West should help India on clean energy, says expert
In the backdrop of the ongoing UN Climate Summit (COP-21) at Paris, a British researcher and expert in the realm of energy storage and sustainability has said that in order to enable India to decarbonise and develop its energy resources efficiently, the developed countries must support it by sharing their expertise, and also help provide it with some financial support (in the form of funds).

Talking to Deccan Herald on the sidelines of the Symposium on Future Electricity Grids and Utilities here on Tuesday, Prof Phil Taylor — Director of the Institute for Sustainability at Newcastle University — said, “The West (the UK and the US) grew rich and developed themselves by burning coal, during the Industrial Revolution (18th-19th centuries). Presently, India is burning coal to satiate its energy needs, and the West is suggesting that the former cease doing so.”

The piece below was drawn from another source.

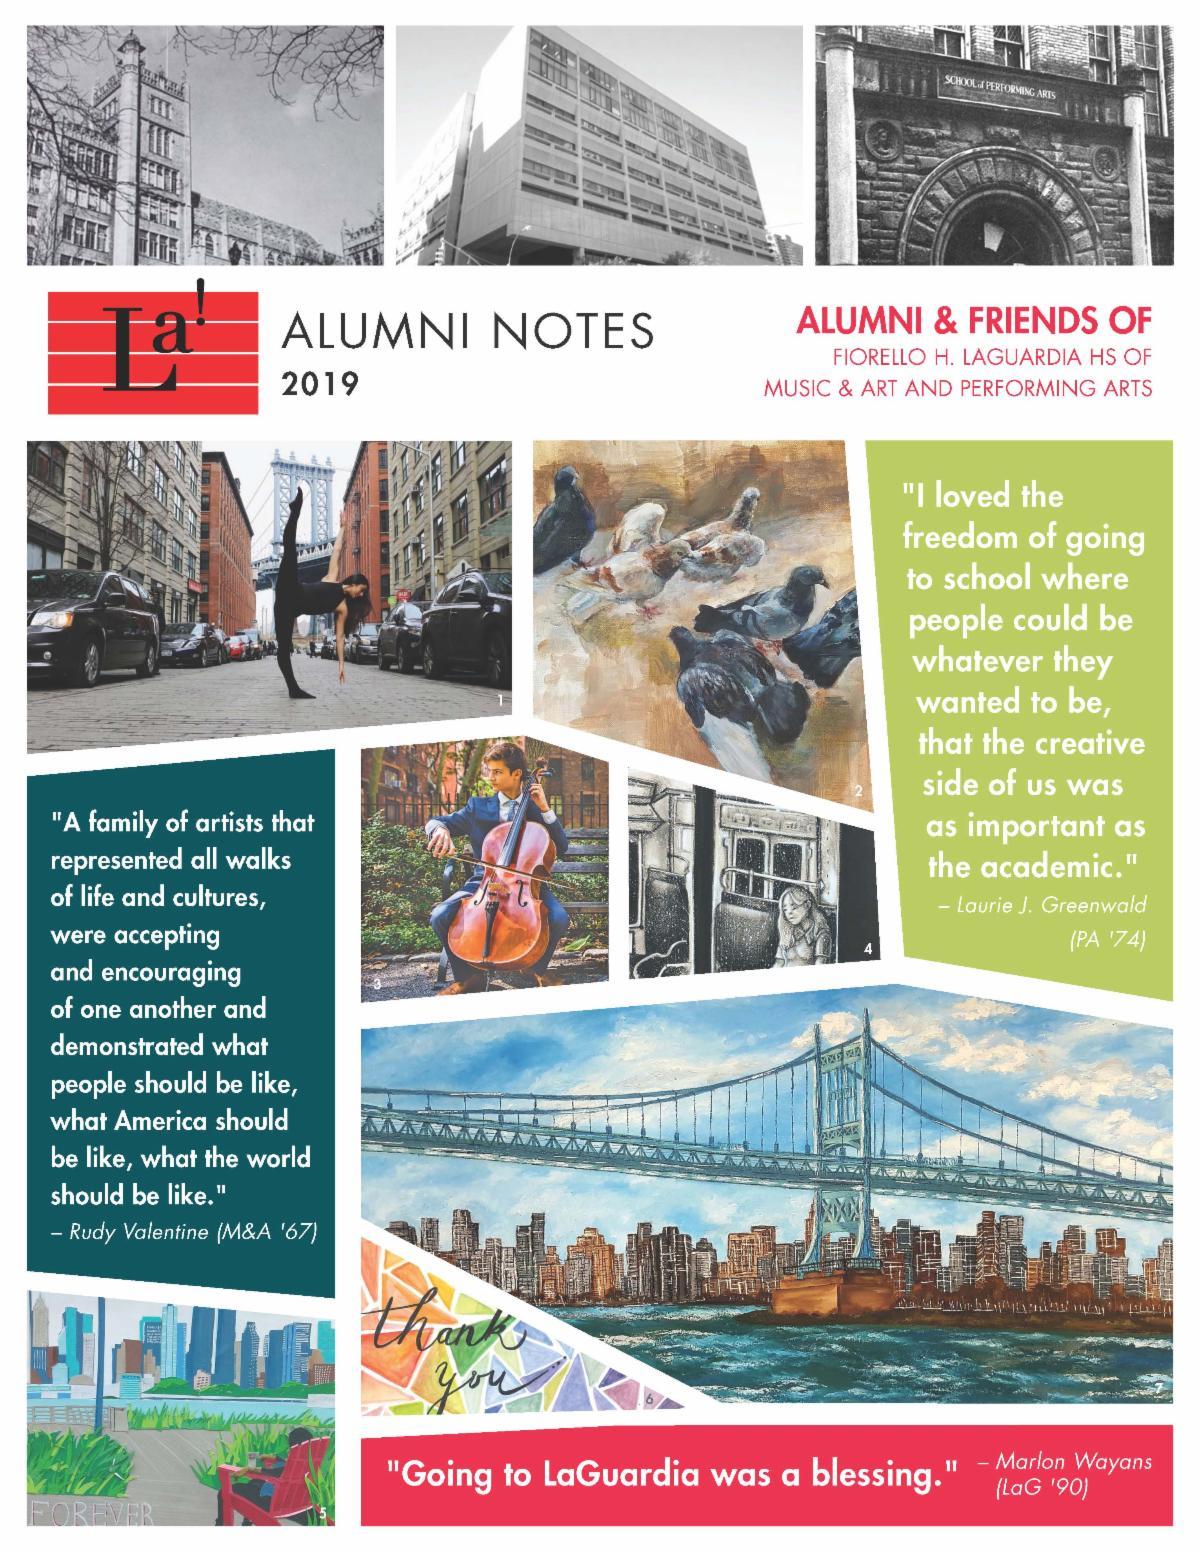 Alumni Notes 2019 from Alumni & Friends of LaGuardia High School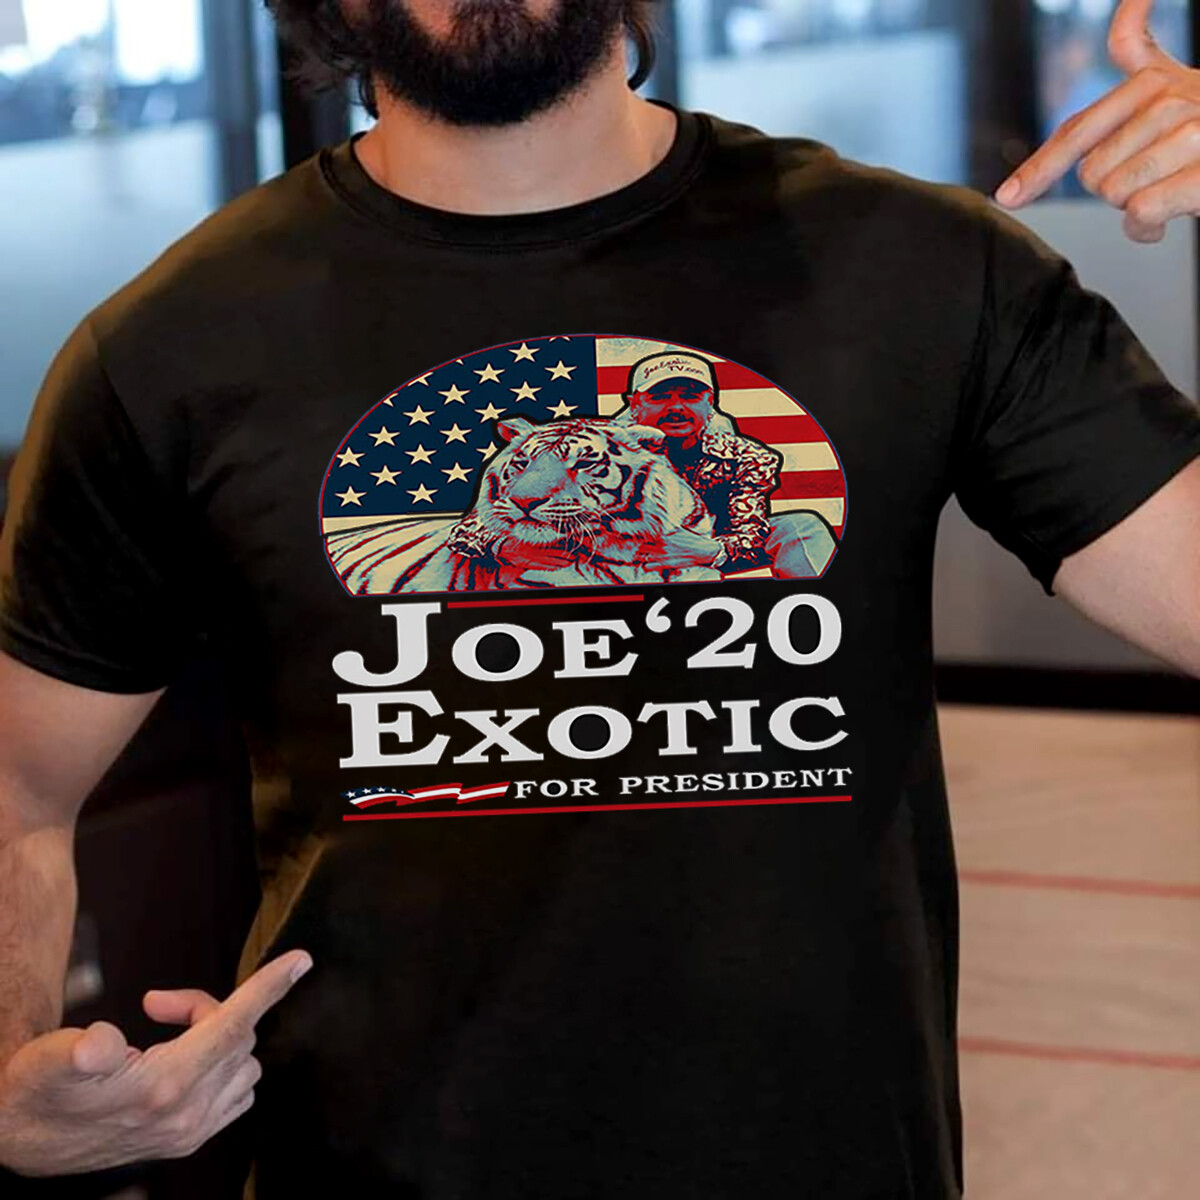 Costcotee Joe Lovers Exotic 2020 for President Funny T Shirt Unisex Shirt Short-Sleeve Long-Sleeve V-Neck Tank Pullover Hoodie Sweatshirt Men Women Tee Gift

He added, “It isn’t fair on the part of the developing world to stop India from burning coal. Instead, they must be realistic, just, and give the country time to find alternate solutions, and understand the costs and time-frame needed to decarbonise. They may also support India’s push to reduce its carbon footprint, and identify alternate sustainable energy solutions, through some expertise and financial assistance.” Taylor, who is in India to speak with government and industry agencies on various energy topics, said that while the ‘energy trilemma’ faced by Europe and the UK, and India, is similar, there are marked differences where the latter is concerned, and which must be addressed.

“In the UK, the trilemma primarily involves the ways to provide affordable energy, to maintain sustainability, and to ensure security of supply. In India, more than affordability of energy, the larger aspect revolves around accessibility of energy, with over 400 million citizens still without access to power,” Taylor said.

Another aspect that Taylor stressed on is in the area of energy security. “Considering that India’s natural gas pipeline passes through some volatile regions, India must seek to develop indigenous energy sources,” he said.